Your foundation invested $500 million in the Humanity AI initiative because you understand that artificial intelligence will reshape democratic society. CrowdSmith is the only facility in the country teaching people how to work with AI as a human readiness skill rather than a technical competency. The Packard Fellowship gives early-career scientists $875,000 and the freedom to take risks. The SmithFellow credential gives early-career makers five tracks, five team roles, and the skills to take an idea from a sketch to a filed patent. The scale is different. The instinct is the same. Invest in people early. Give them tools. Trust them to build.
This letter is a case study in what your founder’s instinct looks like when someone builds it from scratch in a neighborhood the market forgot.
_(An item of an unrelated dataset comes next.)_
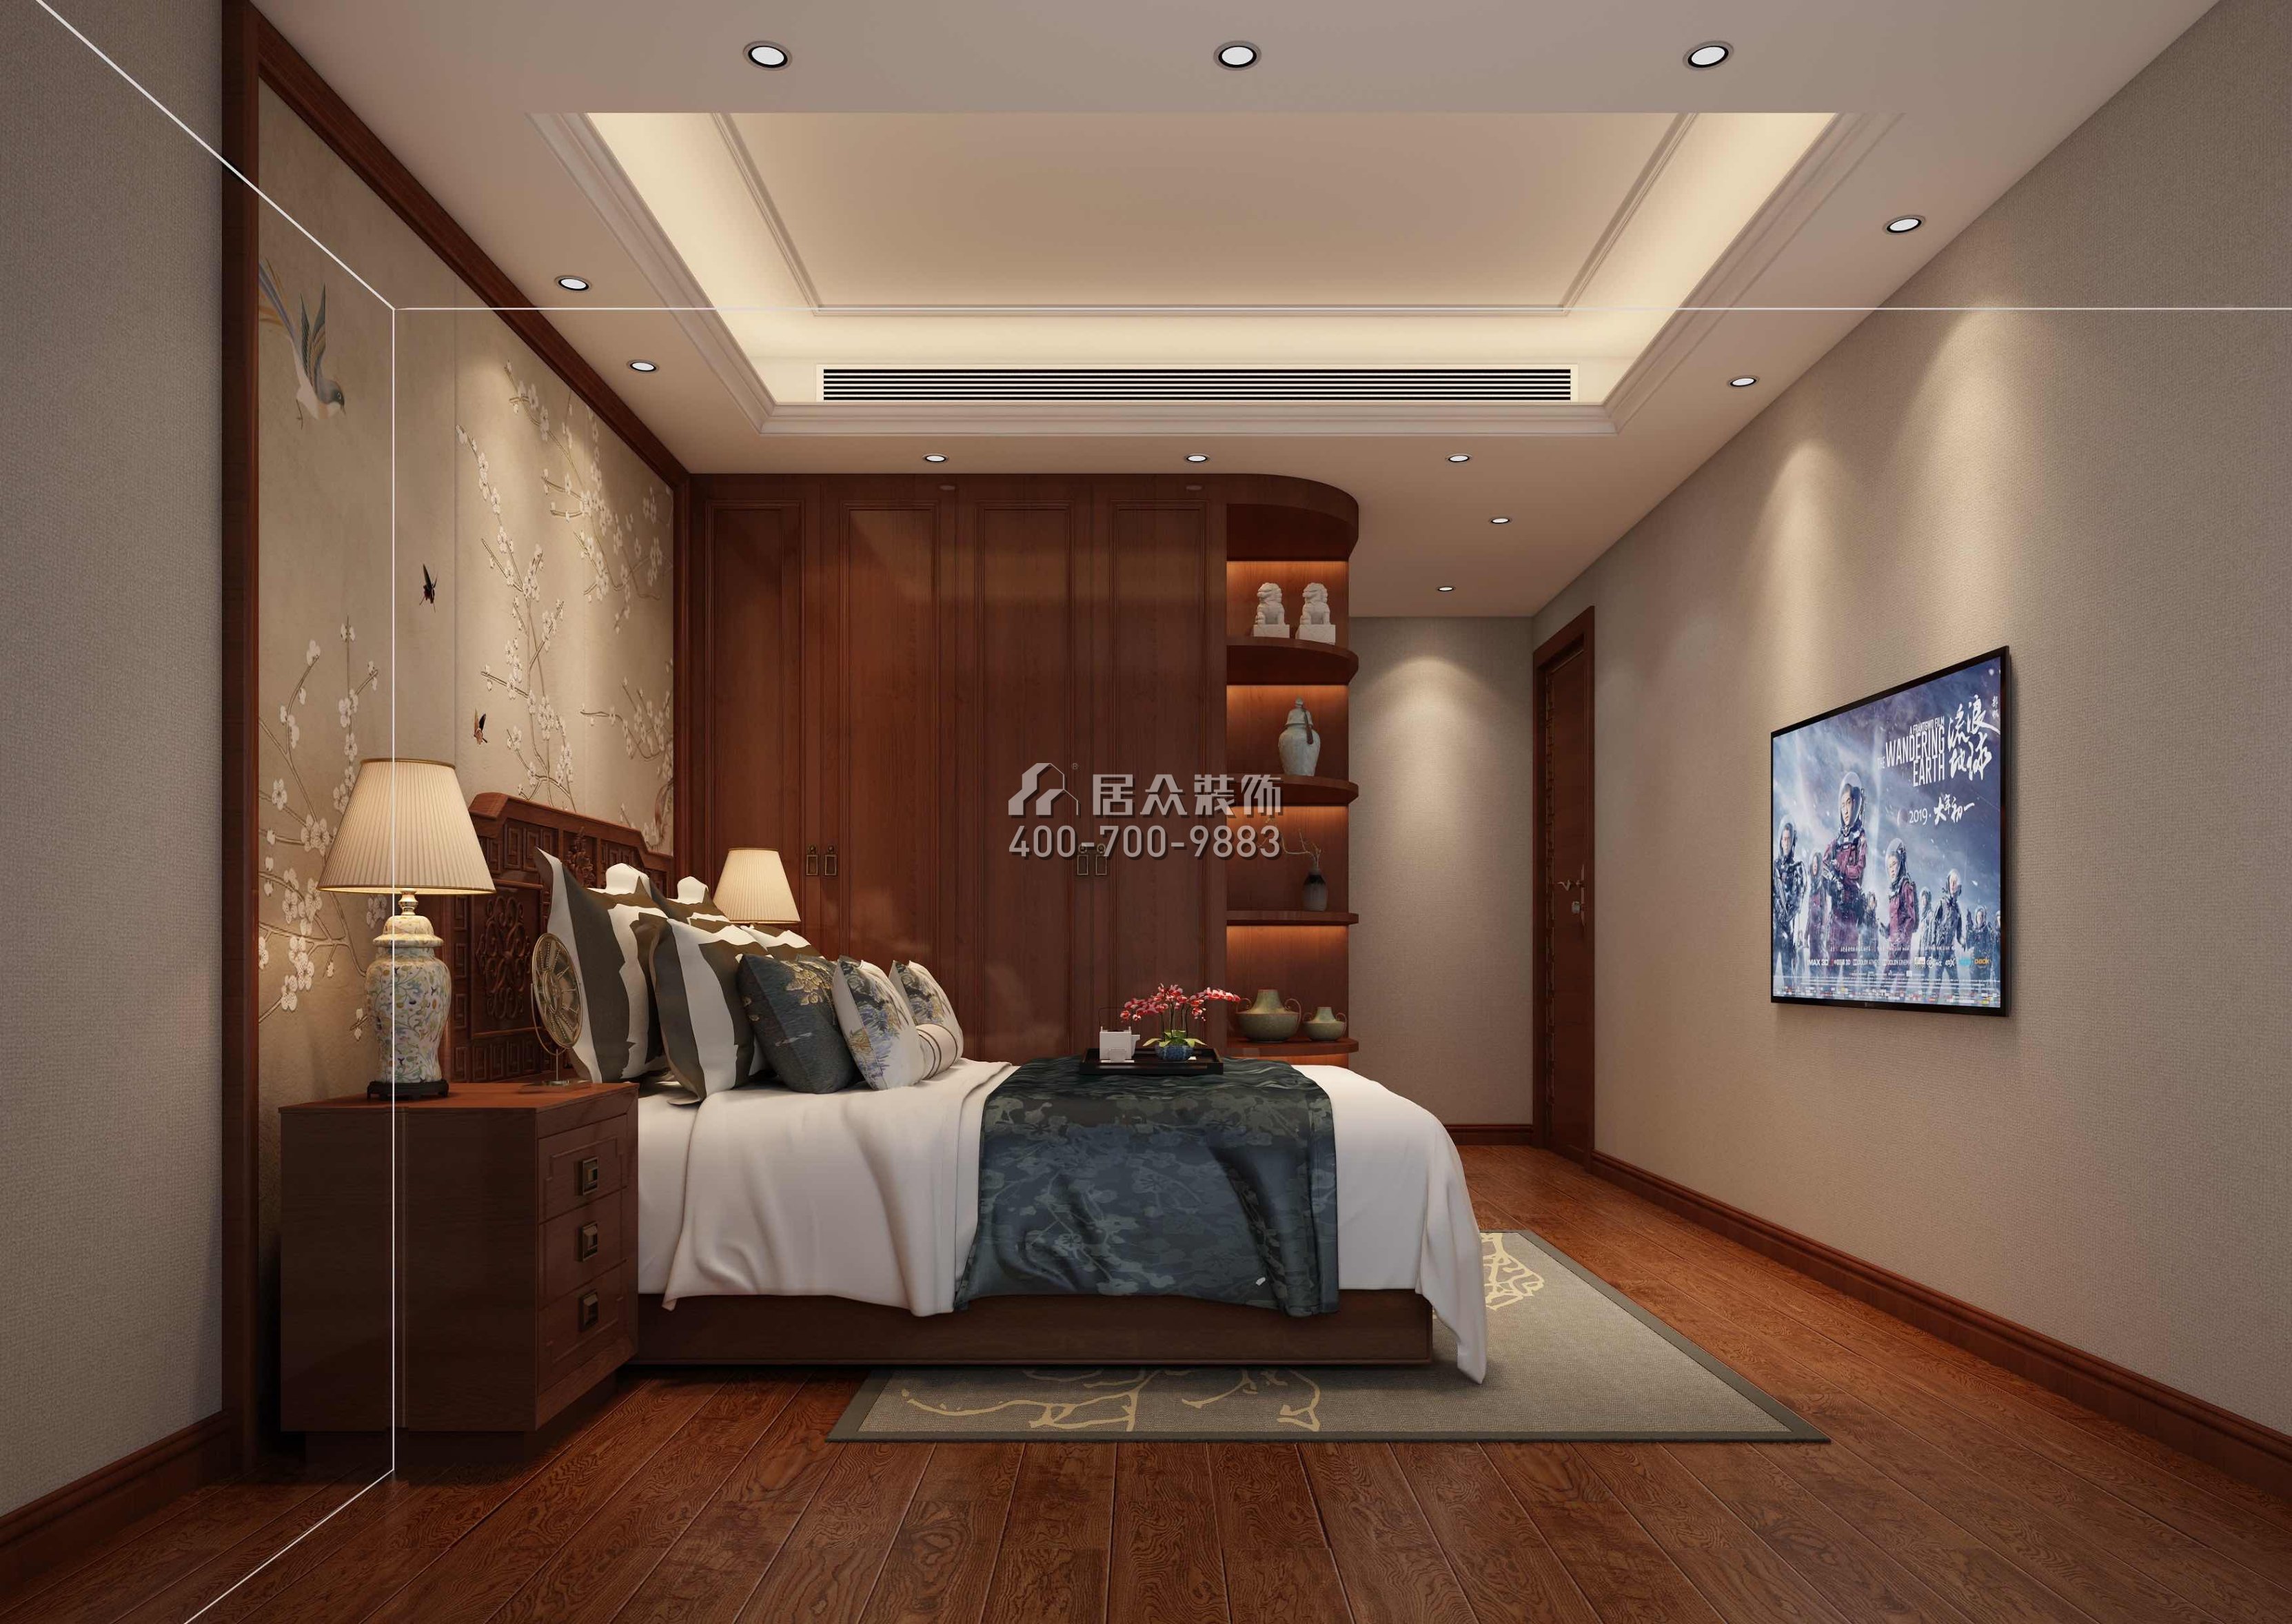 天鹅湖花园三期122平方米中式风格平层户型卧室装修效果图

If the foundation is interested in evaluating what one man in Tacoma built through sustained dialogue with an artificial intelligence — using the same hands-first, tools-first, build-it-yourself conviction that started in a garage on Addison Avenue — the complete operational architecture is published at crowdsmith.org. The financial models are available upon request.
The Garage Before the Plaque
Before it was California Historical Landmark #976, it was a room with a workbench, a soldering iron, and a woman keeping the books from the kitchen table ten feet away. Before it was the Birthplace of Silicon Valley, it was the place where two men figured out what they could build with five hundred and thirty-eight dollars and the conviction that they did not need to leave home to matter.
The building on Portland Avenue does not have a plaque. It does not have a landmark number. It has a man with a toolbox and an AI keeping the architecture from inside the dialogue. The instinct is eighty-seven years old. The room is new. The hands are the same kind of hands.